The NSA did not immediately respond to an email seeking comment. But Director of National Intelligence James Clapper has said that the kind of data that can be accessed and who can access it is severely limited.

Snowden said the restrictions on what could be seen by an individual analyst vary according to policy changes, which can happen "at any time," and said that a technical "filter" on NSA data gathering meant to filter out U.S. communications is "weak," such that U.S. communications often get ingested.

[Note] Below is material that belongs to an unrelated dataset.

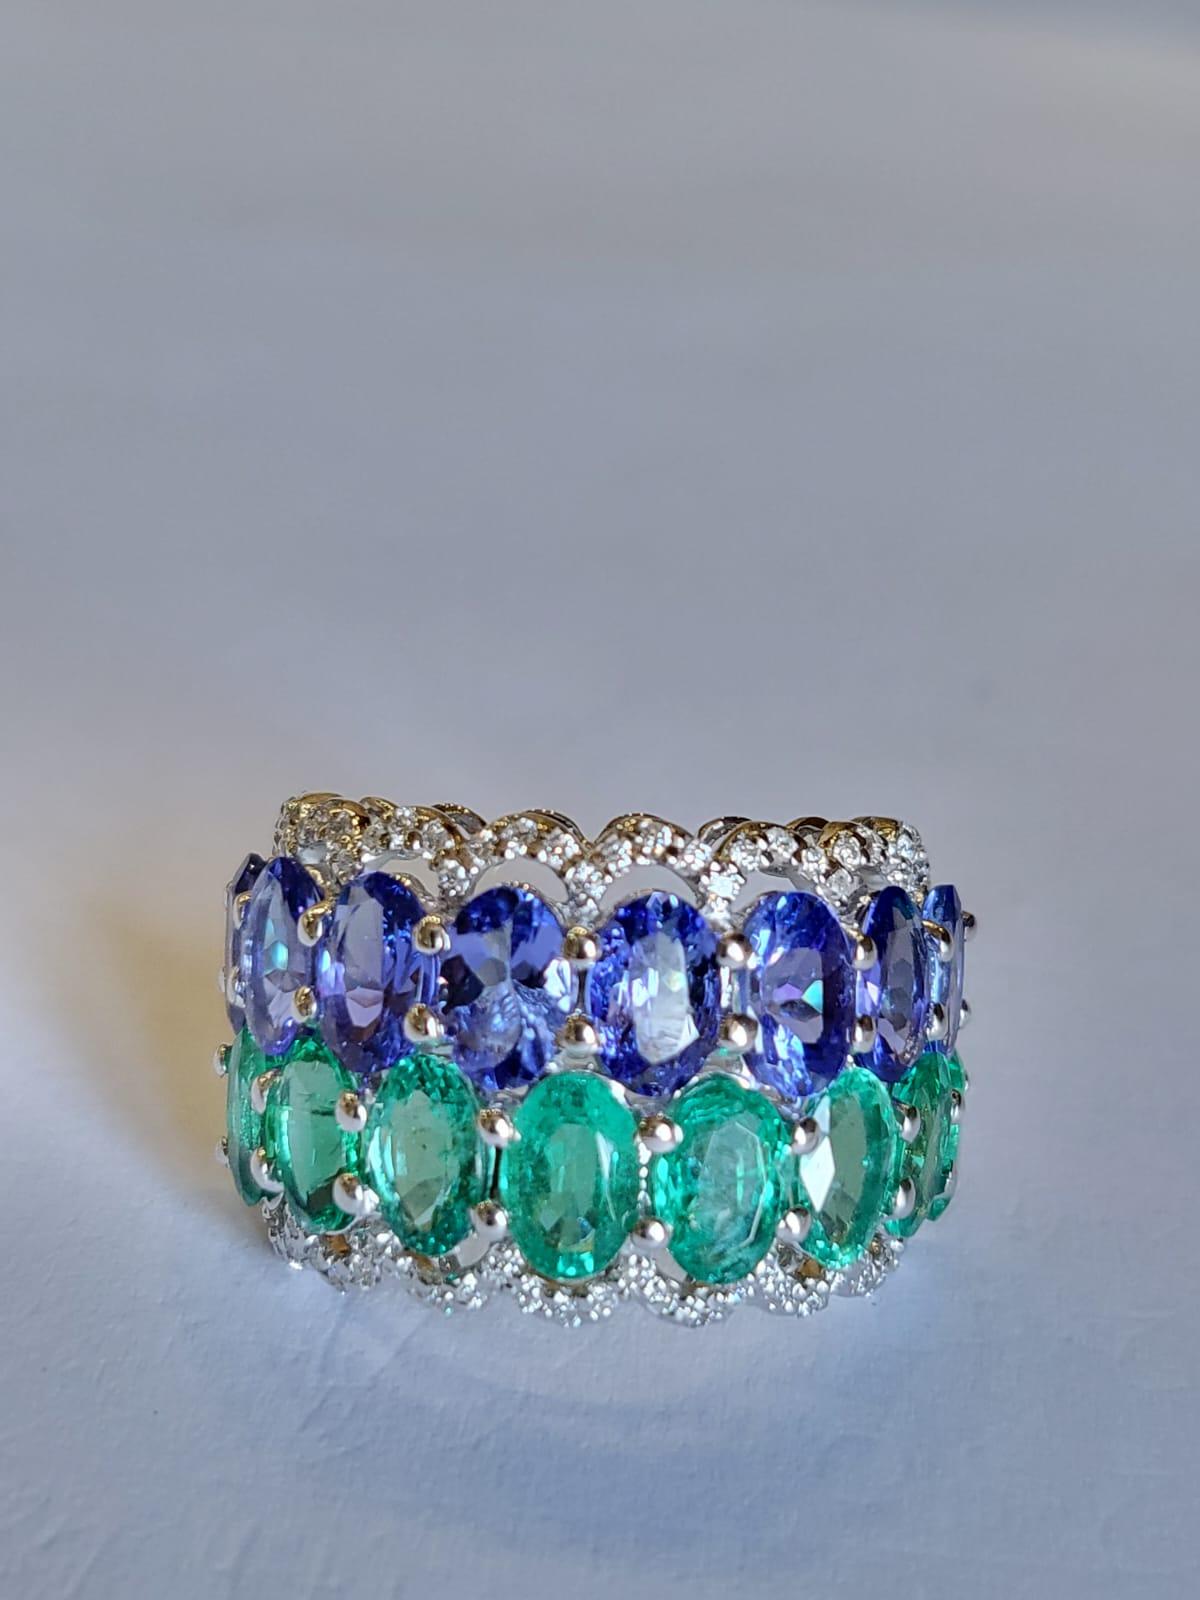 A very gorgeous and fine crafted, Emerald & Tanzanite Band Ring set in 18K White Gold & Diamonds. The weight of the Emerald ovals is 3.28 carats. The Emerald is of Zambian origin and is completely natural, without any treatment. The weight of the

Snowden defended U.S. Army Private Bradley Manning for his disclosures of documents to Wikileaks, which he called a "legitimate journalistic outlet," which "carefully redacted all of their releases in accordance with a judgment of public interest." He said the Wikileaks release of unredacted material was "due to the failure of a partner journalist to control a passphrase," which led to the charge against Manning that he dumped the documents, which Snowden called an attempt to smear Manning.

Manning is currently on trial at Fort Meade — the same Army base where the NSA is headquartered — on charges of aiding the enemy for releasing documents to Wikileaks.

Snowden defended his description of his salary as being $200,000 a year, calling that a "career high," but saying he did take a pay cut to take the job at Booz Allen Hamilton, where he worked as a contractor at an NSA facility in Hawaii. When Booz Allen fired him, they said his salary was $122,000.